A Competitive Intelligence Tool
The SEB Group (Paris: SK) manages over sixteen brands of small home equipment, as well as eight industrial sites across the world. Faced with competition from the emerging countries, the Group decided to commit resources to support its strategy of innovation. Endowed with 30 M€ capital, the SEB Alliance fund aims to empower exploration of forward trends in domestic equipment use, along several thematic axes: aging, body preservation, sustainable development, new energies, digital technology, robotics… to these axes correspond matching competitive watch set-ups, geared towards the detection of innovating projects.
The Major Role of Start-ups
The strategy of SEB Alliance suggests that start-ups accomplish a major exploration function from which big corporations may capture long-term benefits. As often, the question here is to determine according to which priorities and criteria the detection of innovating projects can and should be conducted. Without a relevant analytical key, the innovations held in store by start-ups risk remaining purely virtual from the point of view of industrial groups. Business angels and venture capitalists have brought differing answers to this question: should the qualities of the start-up team come foremost, or should the deciding criterion be market potential ? Should competitive watch include a permanent process of market estimation, or should it remain solely focused on the entrepreneur population, as a prime source of information and potential deal targets ? Finally, how does SEB access expertise it doesn’t have within itself, but which is necessary to evaluate the potential of projects from a technology and marketing perspective ?

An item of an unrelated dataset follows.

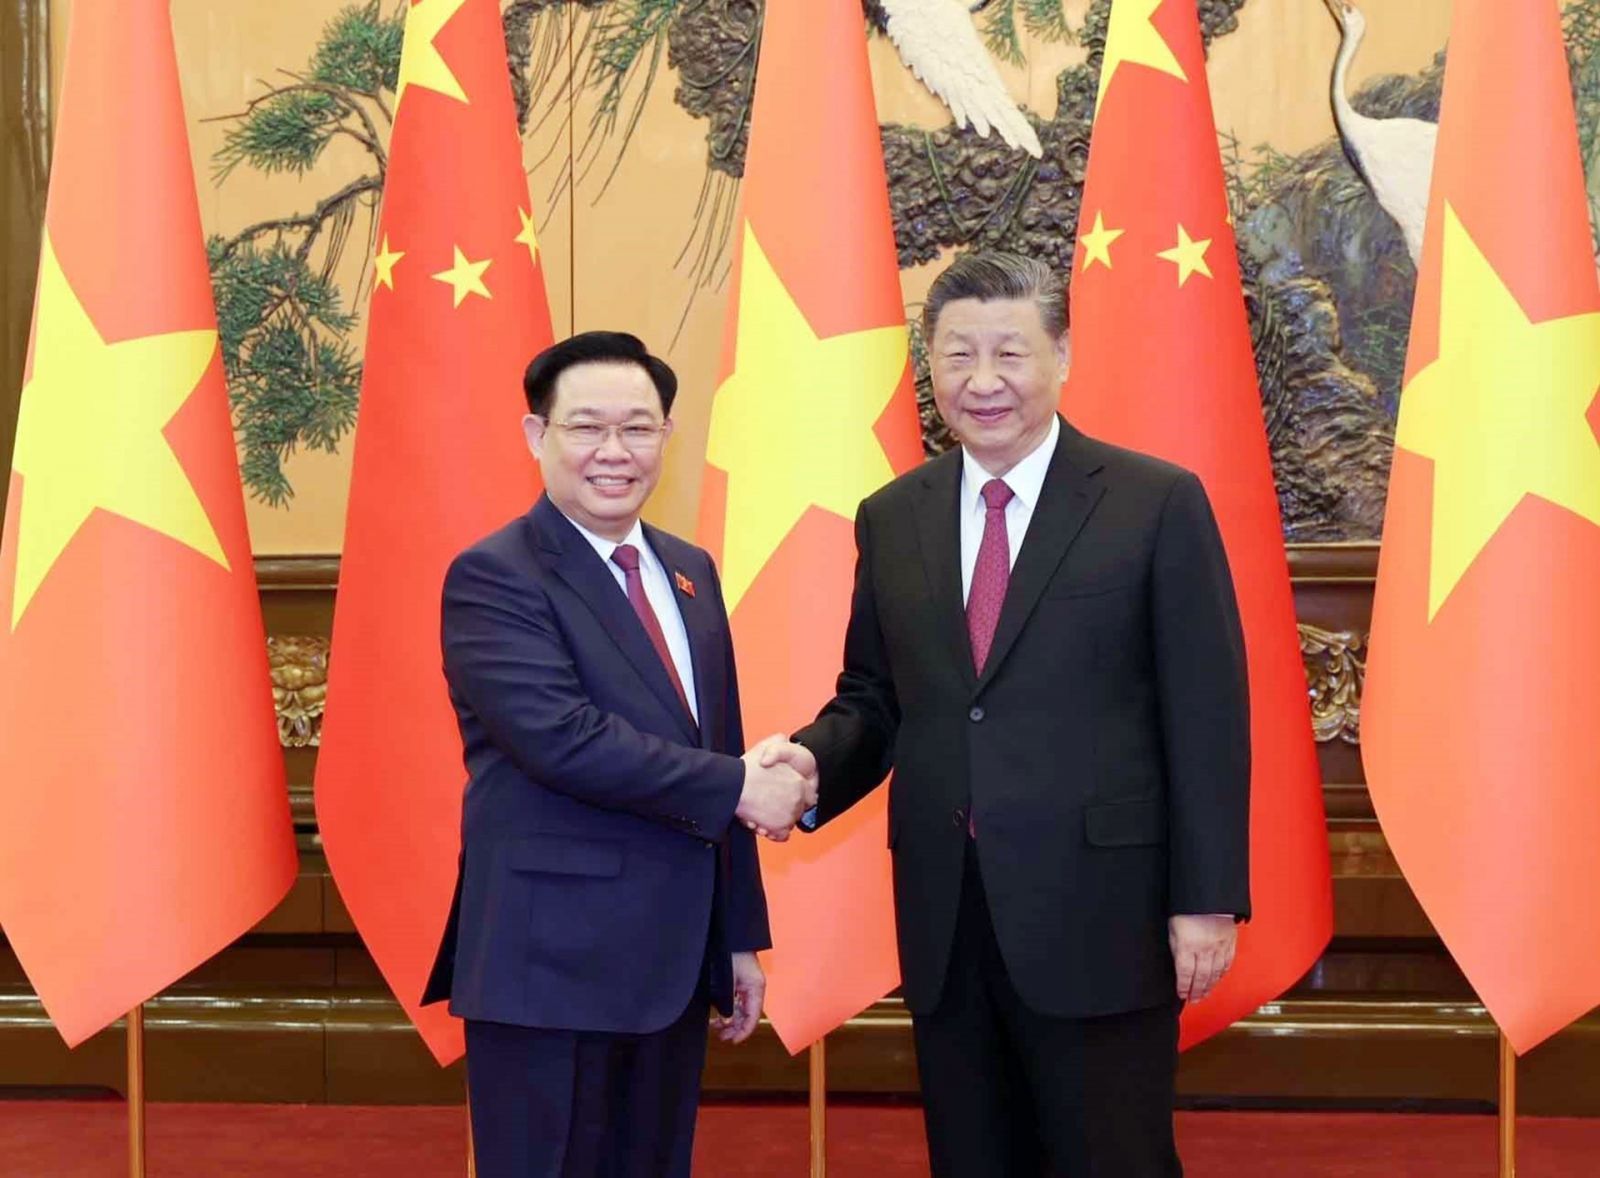 Chủ tịch Quốc hội Vương Đình Huệ đã hội kiến đồng chí Tập Cận Bình, Tổng Bí thư Ban Chấp hành Trung ương Đảng Cộng sản Trung Quốc, Chủ tịch nước Cộng hòa nhân dân Trung Hoa

With these questions in mind, SEB Alliances first investment reveals the importance granted to actual consumer usage patterns when it come to evaluate a project. Bertrand Neuschwander, SEB Group Assistant General Manager, in charge of Operations, explains this point as follows [source]:
Connected products are starting to appear in our kitchens. In the same way that, in the fifties, the success of the “Cocotte minute” pressure cooker was supported by the famous recipe book of Françoise Bernard, we believe that the development of the kitchen will happen along with digital recipes and the services they enable. Key Ingredient brings us solutions and competencies that make it possible for us to accelerate our research plan, and to be able soon to offer consumers devices and services integrating digital content.
SEB included Key Ingredient in its portfolio because it matched the strategic analysis of the usage patterns that will help spread technological innovation.